*Problem to solve*.
Nothing but the text should be carried over: reproduce all the data exactly and leave out every image.

*Input data*.
*** Begin section ***

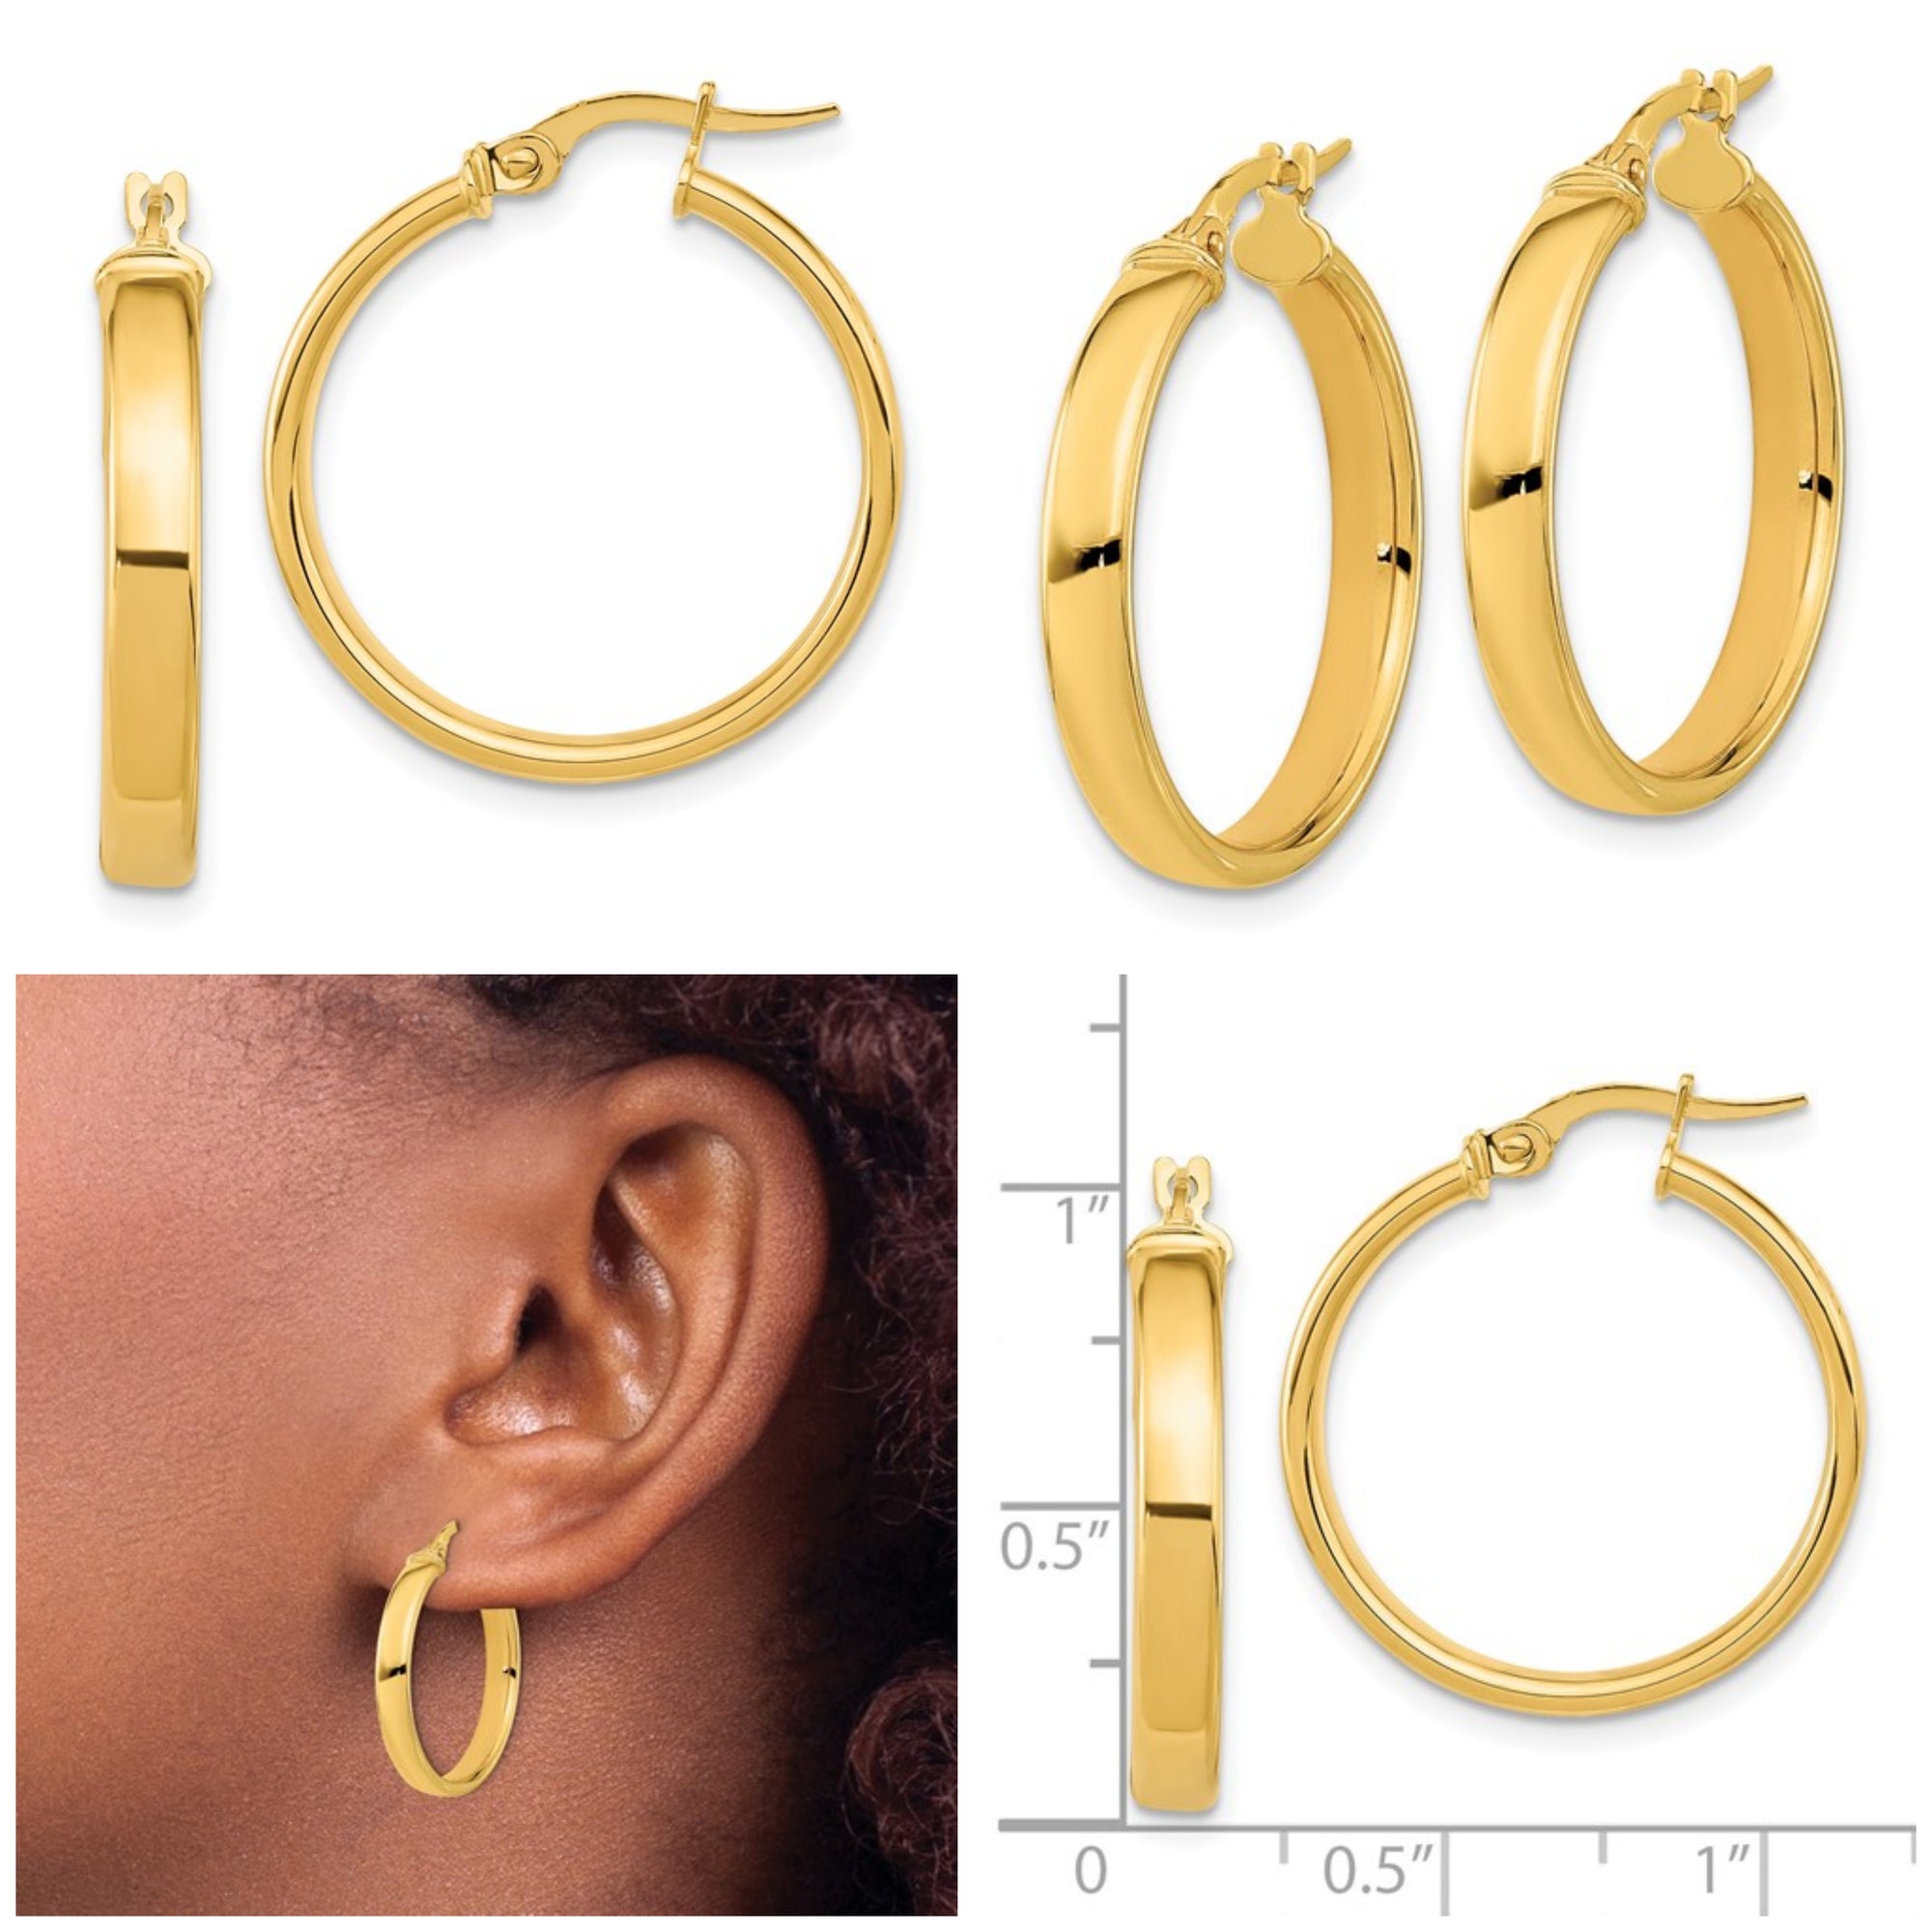 Leslie's 14K Gold 4mm Polished Hoop Earrings
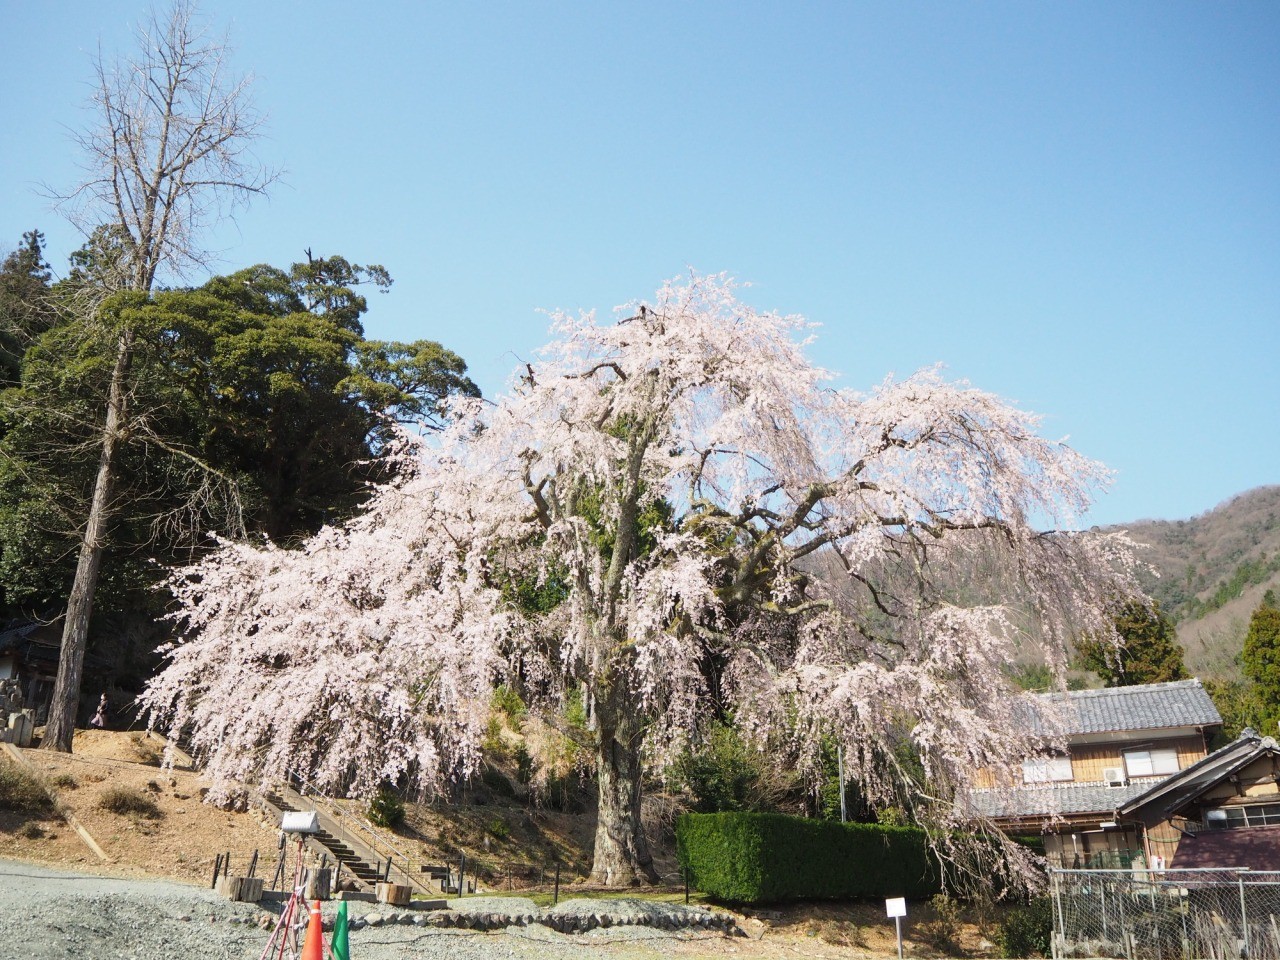 妙祐寺のしだれ桜 観光スポット 公式 福井県 観光 旅行サイト ふくいドットコム
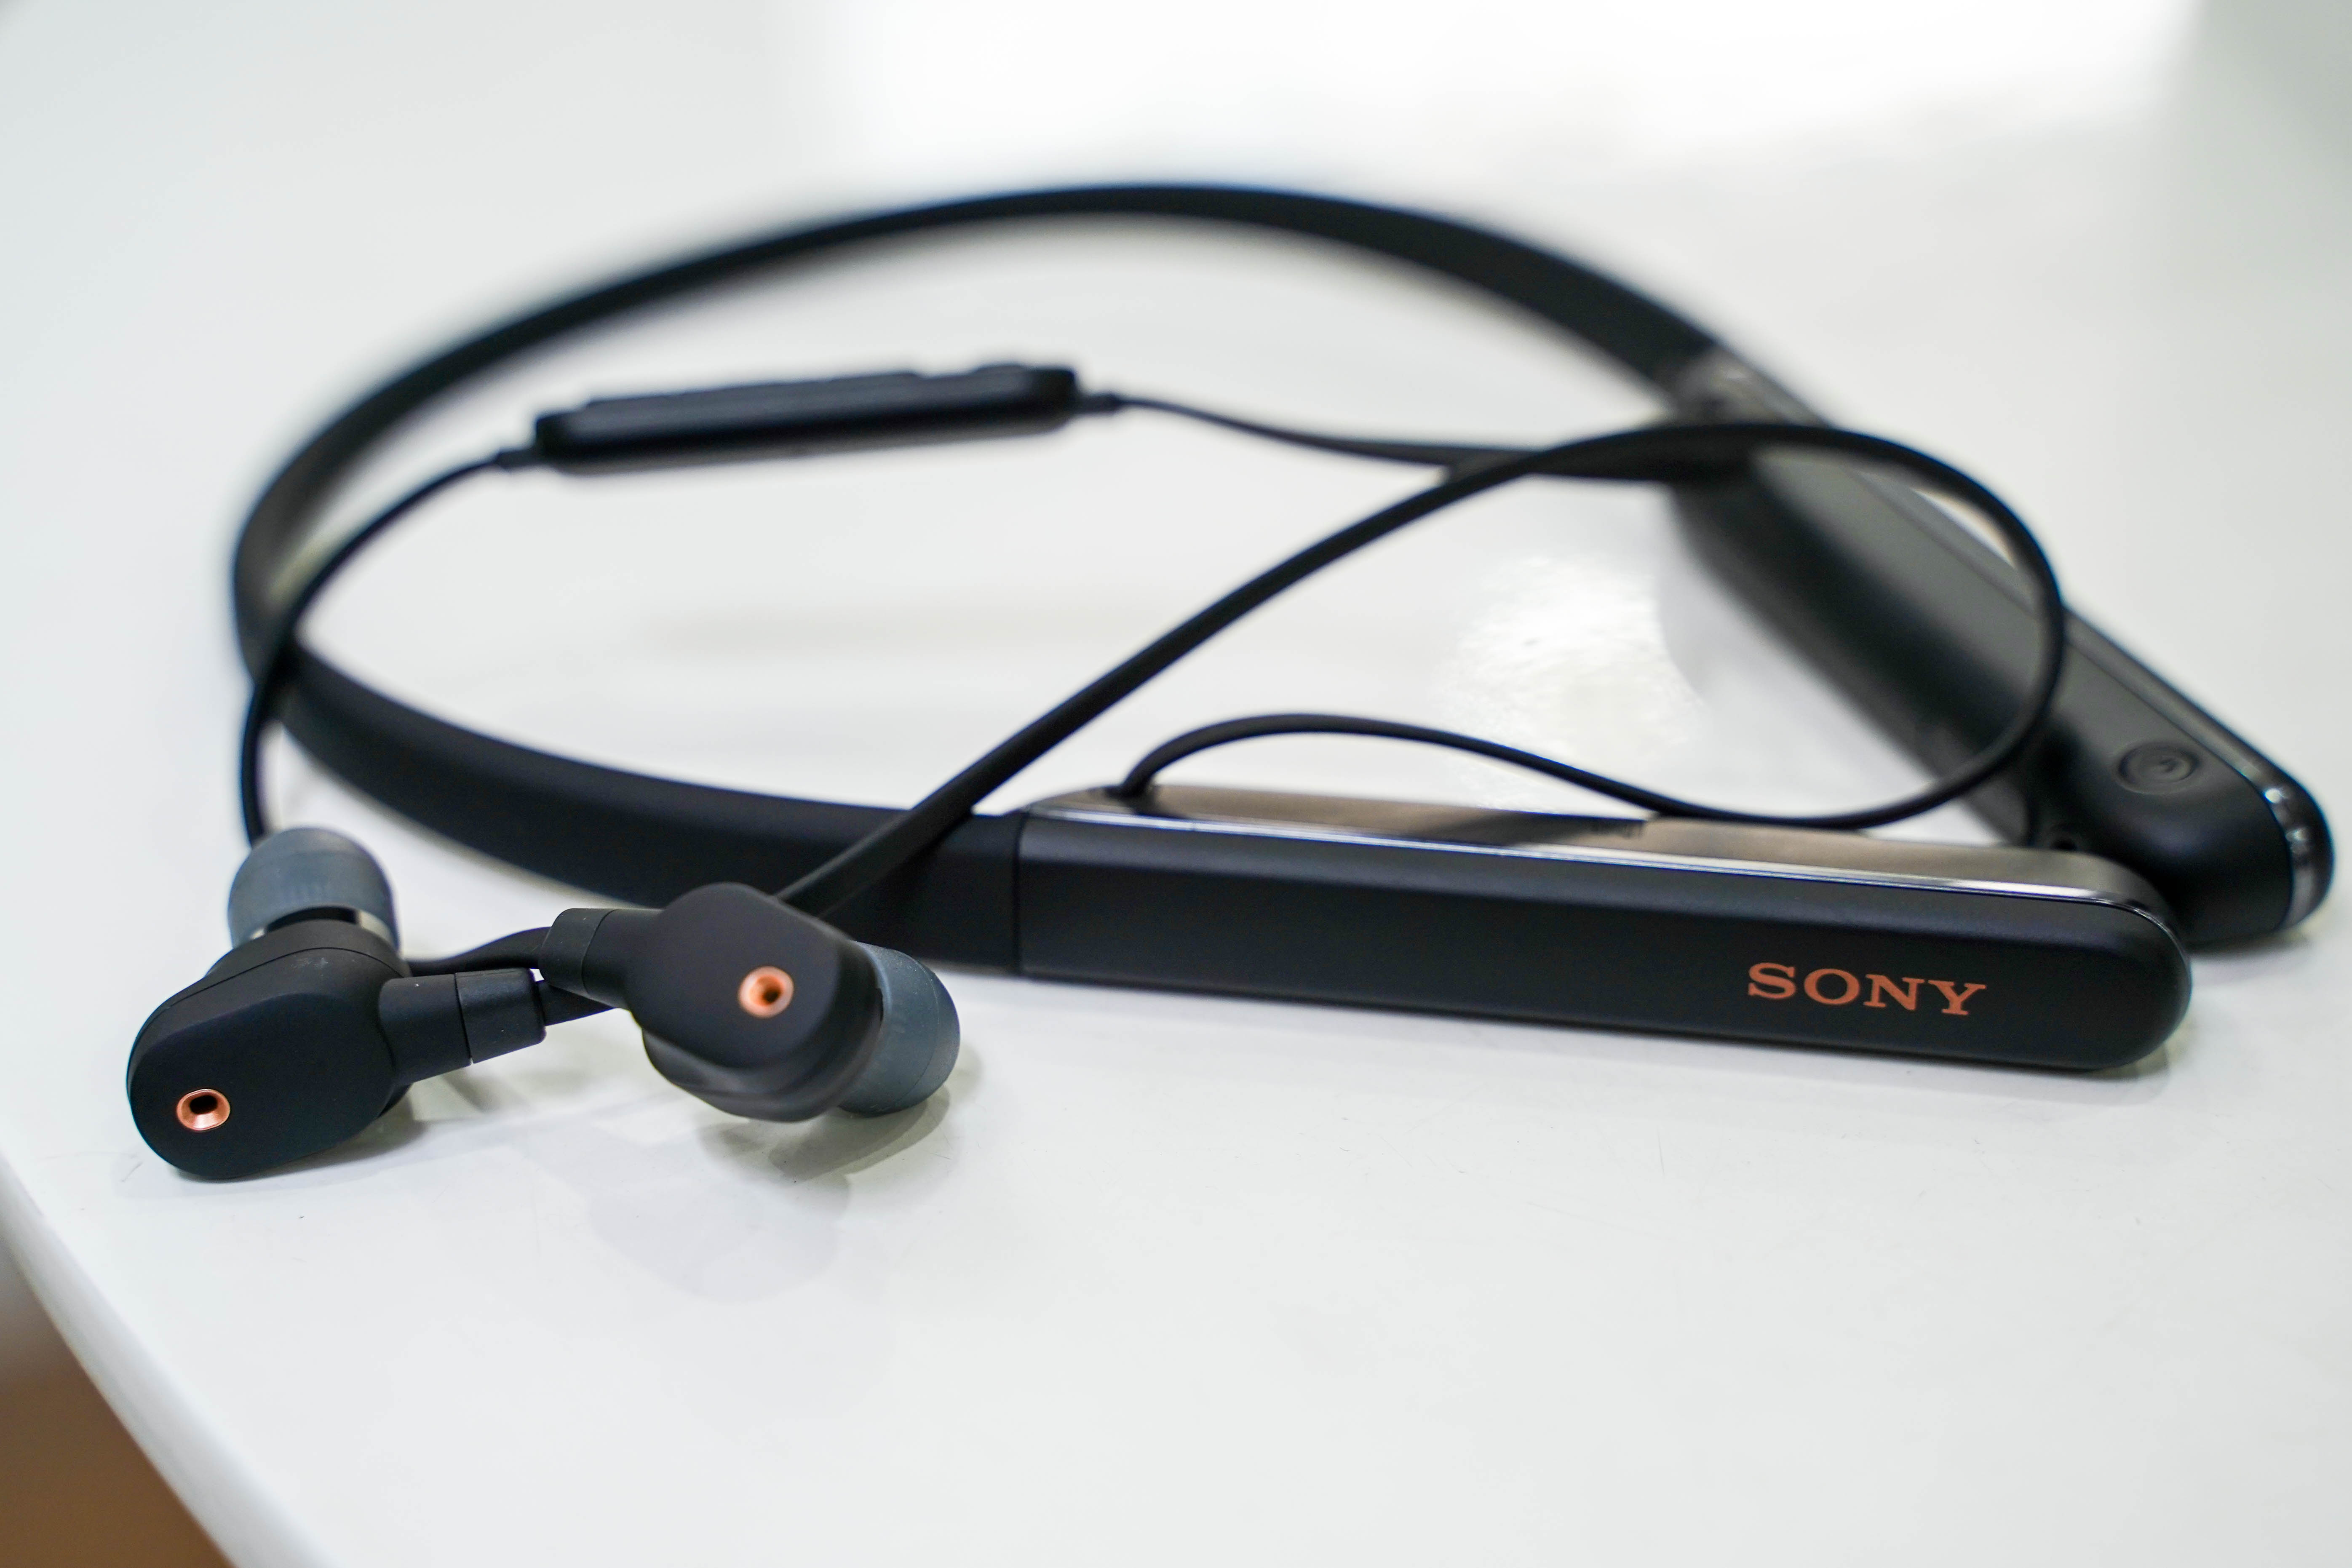 SONY Wireless Noise Canceling Earphone WI-1000XM2 black | Lazada

*** End section ***

*Answer for the task*.
 Leslie's 14K Gold 4mm Polished Hoop Earrings
 妙祐寺のしだれ桜 観光スポット 公式 福井県 観光 旅行サイト ふくいドットコム
 SONY Wireless Noise Canceling Earphone WI-1000XM2 black | Lazada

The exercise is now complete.